The Limitations of GPT and GitHub Copilot in Real-World Programming
I'm writing this without having access to GitHub Copilot X. I'm not sure my understanding will be any different if I do.
As a programmer, I couldn't take the word "laptop" literally. I couldn't place my MacBook Pro on my lap for more than 30 minutes when writing code, as it became too hot. The situation improved after switching to the M1 chip, but not fundamentally. Using an online IDE helps my laptop return to my lap, but it's worth noting how much computing power is required to verify the correctness of the code. It brings me to the limitations of GPT and GitHub Copilot as programming tools.
ChatGPT or GitHub Copilot Doesn't Know How to Write Code
I apologize for the disappointment, but it's true—they don't. GPT and Copilot are trained language models (with Copilot fine-tuned for programming languages) that predict the most likely subsequent tokens. That's not the same as programming. Although we write code at clear abstraction layers like an article and use features like typing to reduce the chance of making mistakes, we must execute it to verify its correctness. GPT models primarily focus on learning language patterns, making them advanced code auto-completion tools—but that's not programming.
The current AI programmer fad is full of wishful thinking. A few weeks ago, I shared a programming challenge with ChatGPT to demonstrate that GPT 3.5 and 4 struggle to find an entirely correct solution for all test cases. However, when provided with a detailed natural language description of the problem, GPT models have a 50% chance of generating the right answer to pass all tests (including GPT 3.5).
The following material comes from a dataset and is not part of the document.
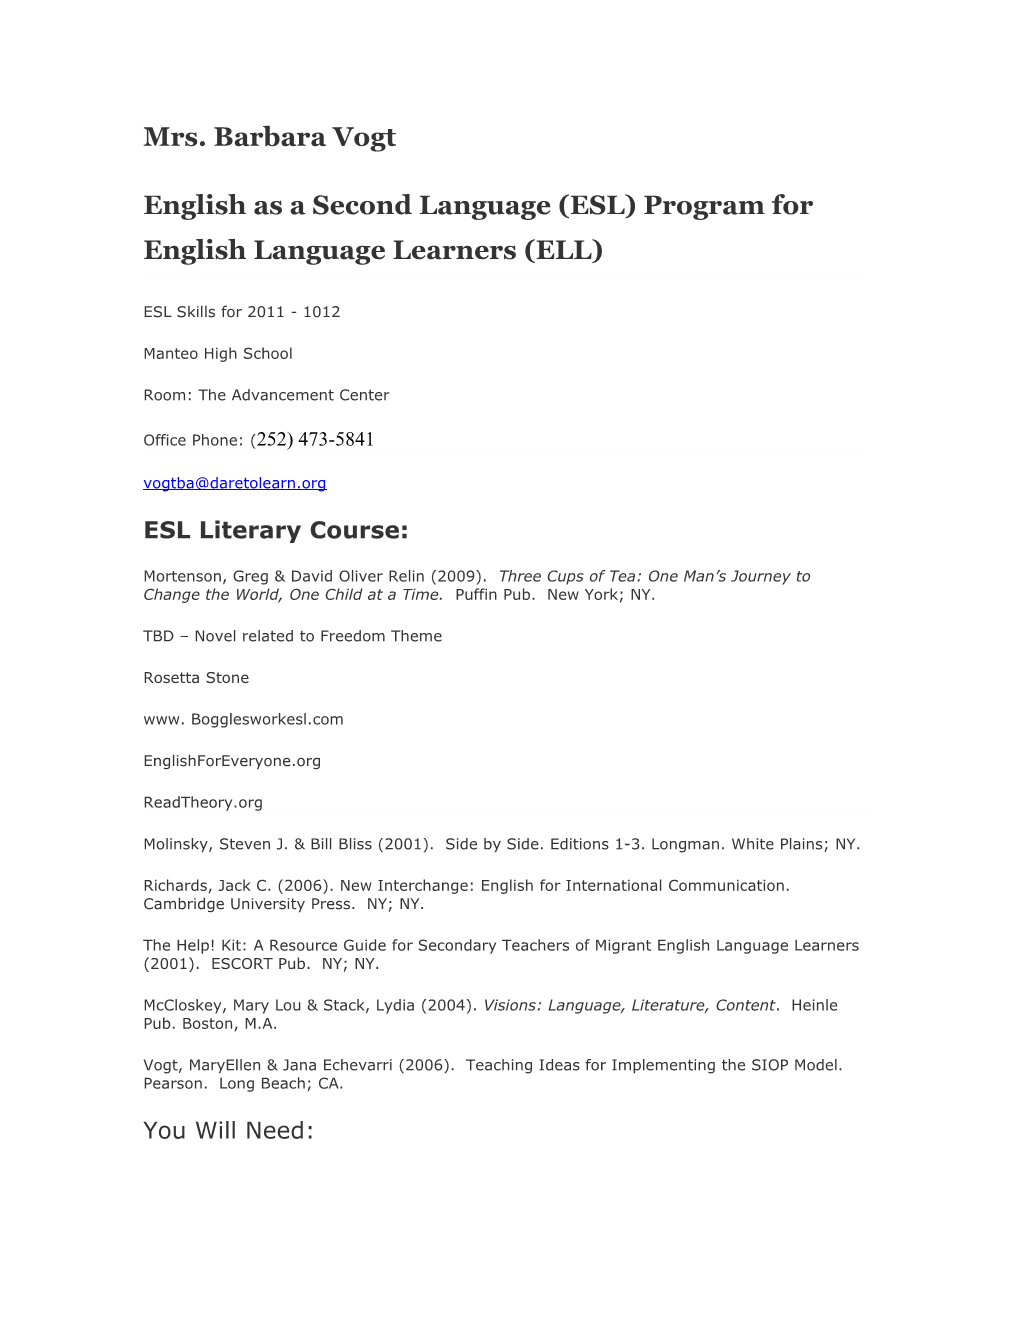 English As a Second Language (ESL) Program for English Language Learners (ELL)

It shows that the test code is not even relevant, emphasizing the models' nature as language models.
领英推荐
The Fleeing Copilot from The Real Programming Battlefield
For me, programming means growing the code. Occasionally, I need to start new pieces of code, and my GitHub Copilot can be helpful in those situations (ChatGPT can be even more helpful). However, I'm usually conservative when adopting solutions, often needing to delete most of the code provided to me. Most of the time, when coding, I perform small transformations on my existing code, and I'm probably not writing a new line of code but modifying an existing one. These modifications usually occur in complicated contexts where only my automated tests can verify if the code still works. My Copilot is completely silent now, prompting me to check if it's still active constantly.
At this point, I'm unsure whether I should adapt my programming style to allow my Copilot to contribute more effectively or if the Copilot should improve to better fit my programming style. Interestingly, this conundrum resembles a typical pair programming dilemma.
While GPT and Copilot are helpful tools, they do not change the foundation of real programming. At least, not yet.